Perfectly Potable with Robert Moyes
I’ve been a fan of Gnarly Head Old Vine Zinfandel for years and the 2019 is a California beauty. This is classic Zin: luscious and palate draping, with oodles of dark fruits like plum and cassis and blackberry, some brambly wildness and hints of spice and mocha. The long finish is almost sweet and undeniably succulent. If you love Pinot Noir, look elsewhere; but if big and bold does it for you, this is one of the best $22 reds on the market.
A tipoff from a talented chef (and cherished in-law) led me to this remarkably good-value Pinot Grigio from Peller Family Vineyards. A bit off-dry and quite round in the mouth, the wine blends notes of apple, pear, melon and citrus into a crisp, bright and refreshing crowd pleaser.
A silver medalist in a festival for low-priced wines (who knew there was a “plonk Olympics”?), this tasty sipper pairs well with everything from chicken to creamy seafood pastas. A steal at $10.35.
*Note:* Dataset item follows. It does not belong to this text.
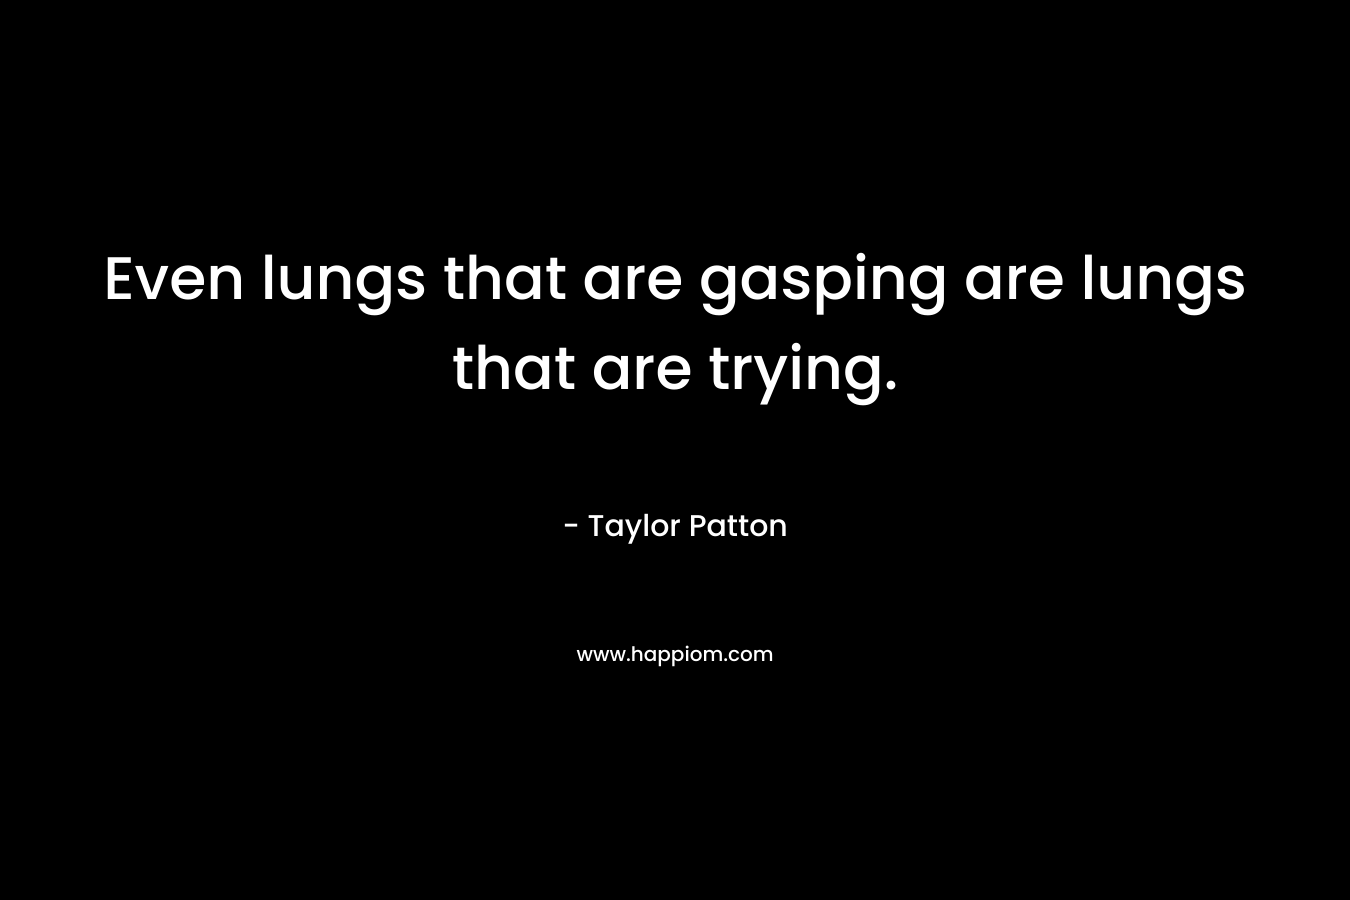 Even lungs that are gasping are lungs that are trying.

Chile produces a lot of impressive wines, and a reliable performer is the Santa Carolina Reserva Cabernet Sauvignon. Yummy red fruits and cedar aromatics begin the seduction, followed by a sweet kiss on the palate, as flavours of plum, cherry, cassis and licorice roll onwards and conclude with hints of chocolate and a long, flavour-rich finish. Medium bodied, smooth and well balanced, this $16 charmer is a pleasure to drink now, and even has a bit of cellaring potential.
California hogs the limelight when it comes to American wine, but Washington State makes a lot of wines every bit as good. Which brings us to Chateau Ste. Michelle, the state’s oldest winery. Its 2018 Cabernet Sauvignon is ripe and round and silky smooth, with a core of luscious dark fruits such as blackberry, cassis, cherry and plum.
Hints of oak and spice carry forward into a long, luxuriant finish. If you are looking for a tasty splurge this would be $28.75 very well spent. (All prices include tax.)